HOME & GARDEN

A mother-daughter duo turn a tween bedroom into a Pop Art dream

When Carrie Livingston’s daughter decided to upgrade her bedroom from young-girl pastels and stuffed animals to something more 12-year-old-appropriate, inspiration came in the form of scratch-and-sniff wallpaper.

“I was researching for a client’s home and came across a company that made this wallpaper,” says Livingston, an interior designer who lives in Century City with her daughter, Madeline, and son Graham, 10.

“I showed Madeline samples and she started pinning them up in her room. That started a Pop Art theme that ended up inspiring the entire room.”

Together mother and daughter spent roughly a year transforming the room from “your basic bunk bed and Disney poster” space into a Pop-Art-powered retreat.

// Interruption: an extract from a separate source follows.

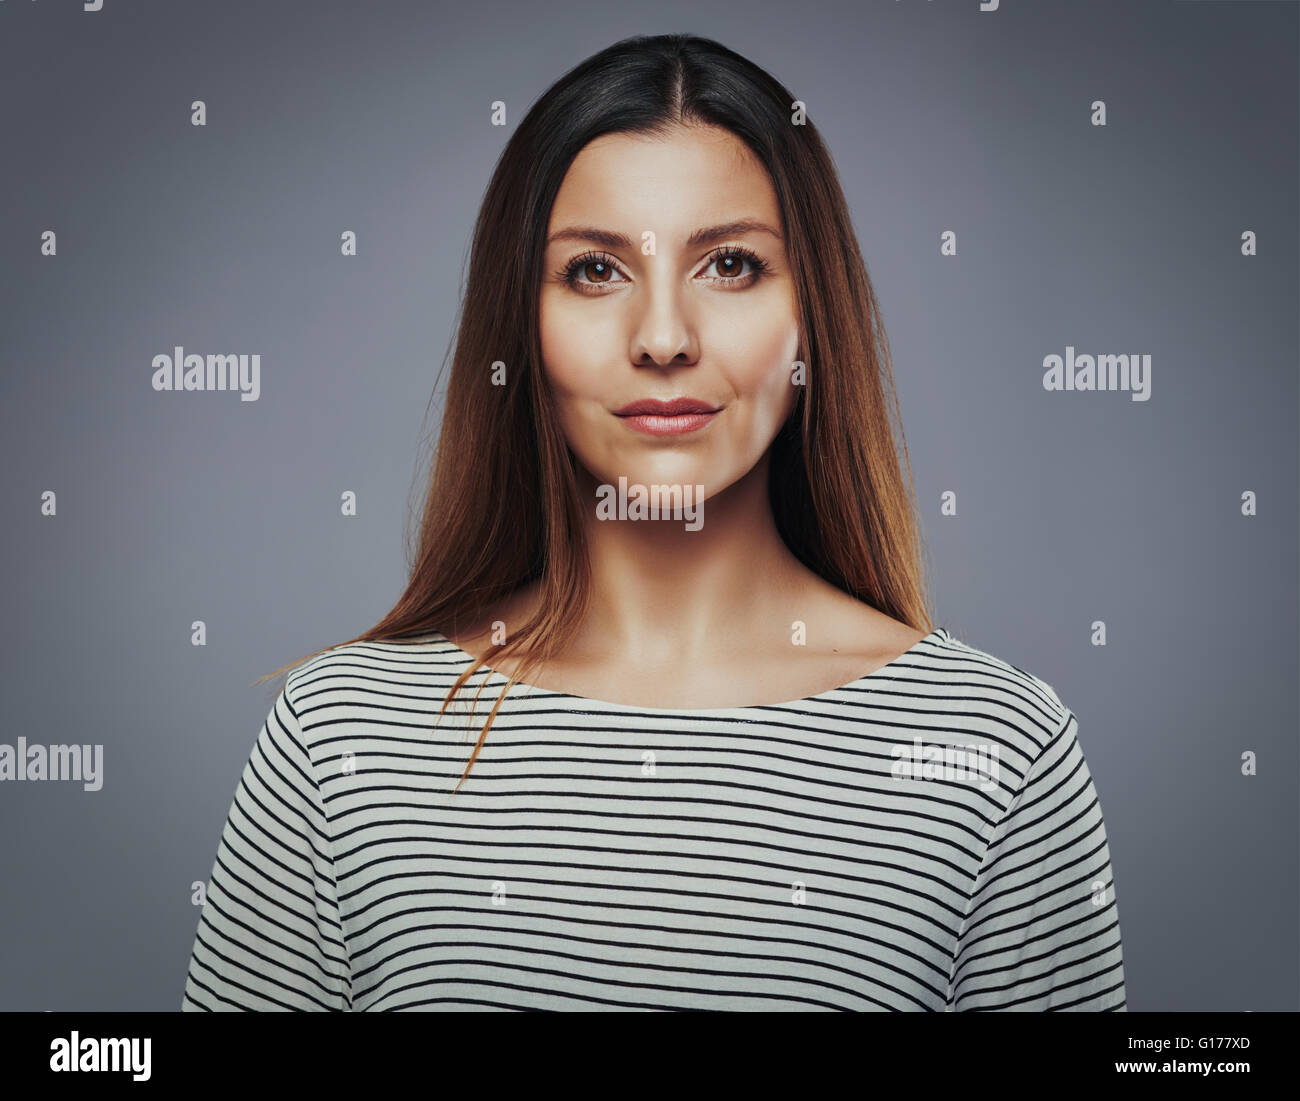 Belle jeune femme avec teint parfait sur un arrière-plan gris Photo Stock -  Alamy

Here, mom and daughter tell us how they did it:

Carrie Livingston and her daughter, Madeline.
Carrie Livingston and her daughter, Madeline. (Katie Falkenberg / Los Angeles Times)

Going bananas

Carrie: “Doing this wallpaper ($470 per roll, flavorpaper.com) was an investment and at first I was conflicted. Would her taste change? She asked for it at the beginning of the process, but I didn’t buy it for six months. I figured if I waited a while, it was a safer purchase, not just a whim. We thought we were going to do a feature wall with the banana wallpaper. We ended up doing three walls. Our entire house smelled like bananas for a week. Now it just smells like them when you actually scratch the wall.”

Madeline: “Any time my friends come over they immediately run over and start scratching and sniffing the wall.”

(Katie Falkenberg / Los Angeles Times)

Street art

Madeline: “I love Pop Art and I saw this hand spray-painting. Then I saw the ‘Pow!’ and I came up with the idea of doing them together. [A family friend] helped me paint it myself.” They purchased the spray paint at a local hardware store, Anawalt Lumber.

Carrie: “Yes, I let her spray-paint inside the house! Then they hand-painted over so it wouldn’t look quite so much like street art. I thought it was going to take them one day. It ended up taking three weekends.”

(Katie Falkenberg / Los Angeles Times)

Banana leaf motif

Carrie: “I use the banana palm leaf from the Beverly Hills Hotel in every project I do, whether it’s in London or Ohio. Madeline has grown up seeing me use it, so she wanted it in her room too. We went downtown and found the fabric (Tommy Bahama Swaying Palms fabric, $27 per yard, LowPriceFabric.com) that looked like the original. It is not the original. It’s more cost-effective for a kid’s room.”

(Katie Falkenberg / Los Angeles Times)

Sweet spot

Carrie: “Gummy bears were my all-time favorite candy when I was pregnant with Madeline Rose. When I found them and noticed they light up I bought one in every color for her room. That's one yummy gummy look and such a sweet memory of mine.”

(Katie Falkenberg / Los Angeles Times)

Stuffied up

Carrie: “Madeline had tons of stuffed animals in her room before. For her new room, we had the idea of using stuffies in a different way. Over the course of a year and a half, whenever we went to Rite Aid, I’d buy Mickey and Minnie stuffies and we put them in these Lucite nightstands that I designed. Each nightstand has more than 150 in them.”

Madeline: “They’re one of my favorite things in my room.”

(Katie Falkenberg / Los Angeles Times)

Light bright

Carrie: “I had a client who requested a neon light of her favorite Bruce Springsteen song. I promised her I’d never make it for another client, so I only put it in my house. It’s one of Madeline’s favorite songs too. Pam Springsteen, Bruce’s sister, was recently over at our house and said it actually looks exactly like his writing.”

Madeline: “I thought the lyrics fit well with the theme of my room. My room is kind of crazy, but this is probably my dream world — emoji pillows, Peeps pillow, giant candy. I love my room and I think I’m going to love it for a while. How can you get sick of candy?”